On Nov. 28, the Botetourt Complex and the Keck Lab regained power, and Botetourt residents were required to move back into their residence halls by 11:00 a.m. the following day.
The power outage and resulting evacuation of Botetourt ended up costing the College of William and Mary a total of $63,000 as of Dec. 5.
$39,000 was spent on the 171 hotel rooms rented for two nights, according to College spokesperson Suzanne Seurattan.
Most of the repair costs were handled by Dominion Energy, as the transformer that failed was their equipment,” Seurattan said in an email.
“Most of the repair costs were handled by Dominion Energy, as the transformer that failed was their equipment,” Seurattan said in an email.
The repair process consisted of both Dominion and College electricians assessing the situation and determining what would be needed for the repairs, and locating materials in the Richmond area.

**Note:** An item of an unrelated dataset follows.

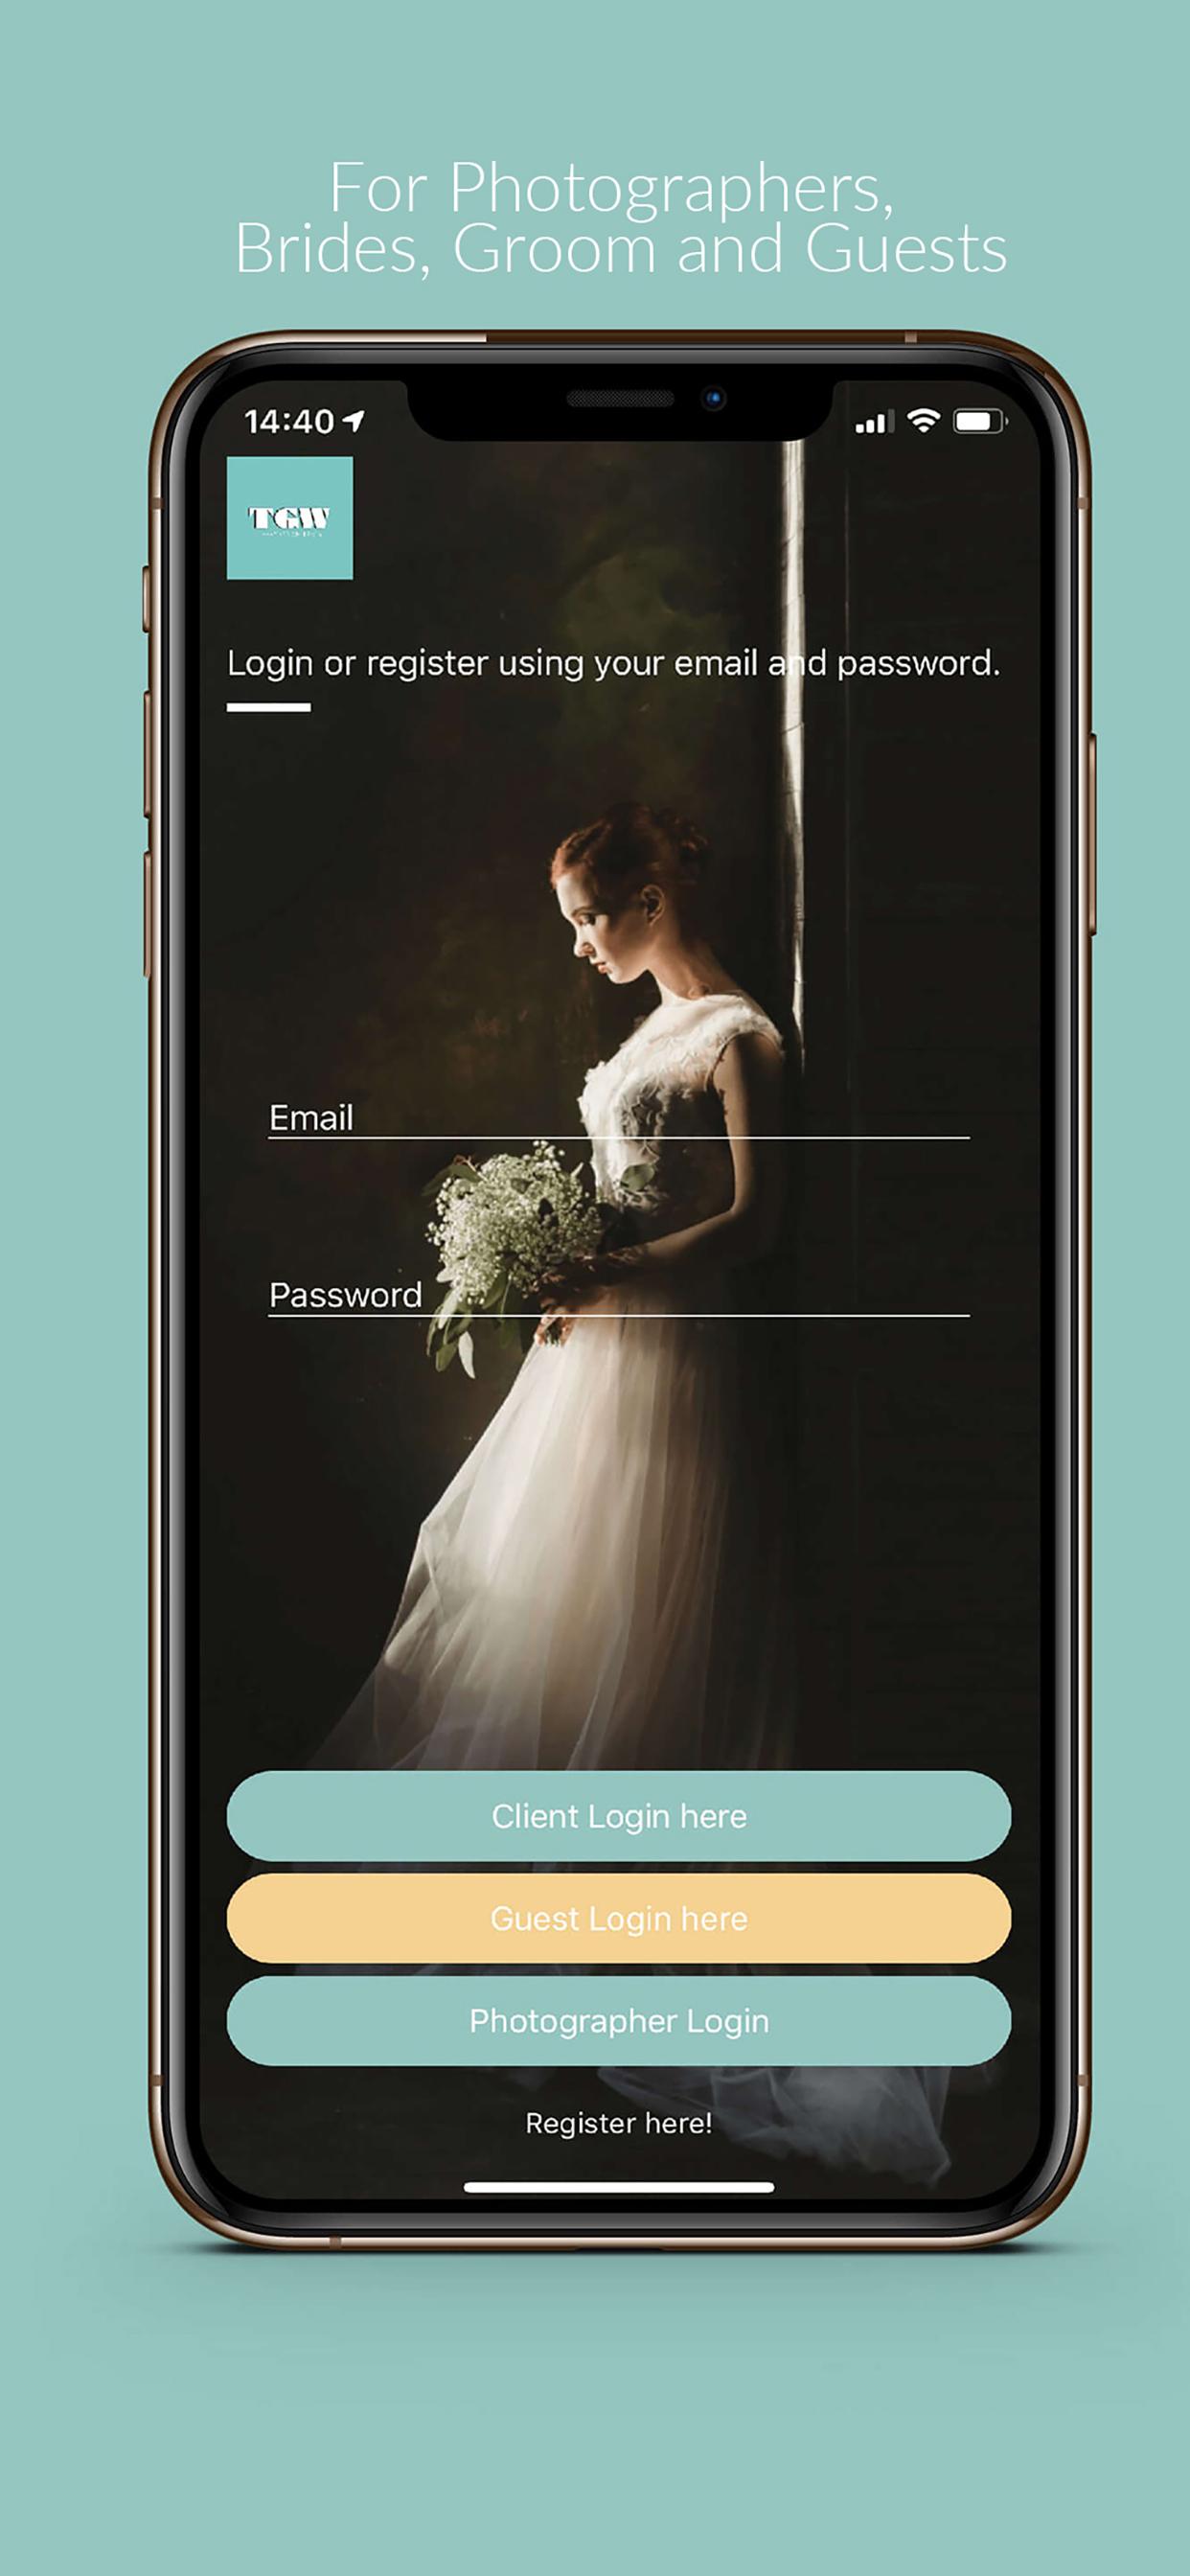 iPhone-Mockup_AppStore1aMax.jpg

A new transformer, primary and secondary feeder cables, and splicing materials were all required for the repairs.
“Once the materials were on site the Dominion Energy electricians made the repairs with support from our electricians,” Seurattan said in an email. “They worked in shifts for approximately 24 hours straight to complete the repairs and re-energize the Botetourt Complex and Keck Lab.”
Spotswood Hall resident Jasmine Howard ’21 said she believed that after an initial period of confusion, the College did a good job handling the incident.
“We didn’t really know what was going on while rooms were getting assigned, like if we would be with just our roommate or in a quad or something like that,” Howard said. “I guess it’s happened before, but I was surprised at how efficient and organized it all was. They gave us our rooms in an hour or so.”
Howard also said that the most important thing was the College’s speedy repairs. The repairs were originally estimated to take between three to five days but ended up only taking around one day.
“[I do think] the school did a good job, and that’s because it only took one night,” Howard said. “If it took three to five days like they initially told us, I would’ve been really annoyed, but one night was fine.”
Seurattan explained in an email that the speedy repairs were doable due to the accessibility of necessary parts, the fact that damage was limited to the transformer and its immediate vicinity, and through the efficiency and dedication of electricians and faculty.
“It is difficult to immediately estimate the repair time without fully investigating the extent of the damage or the configuration of the electrical infrastructure,” Seurattan said. “Therefore, initial estimates for repair generally take a worst-case approach.”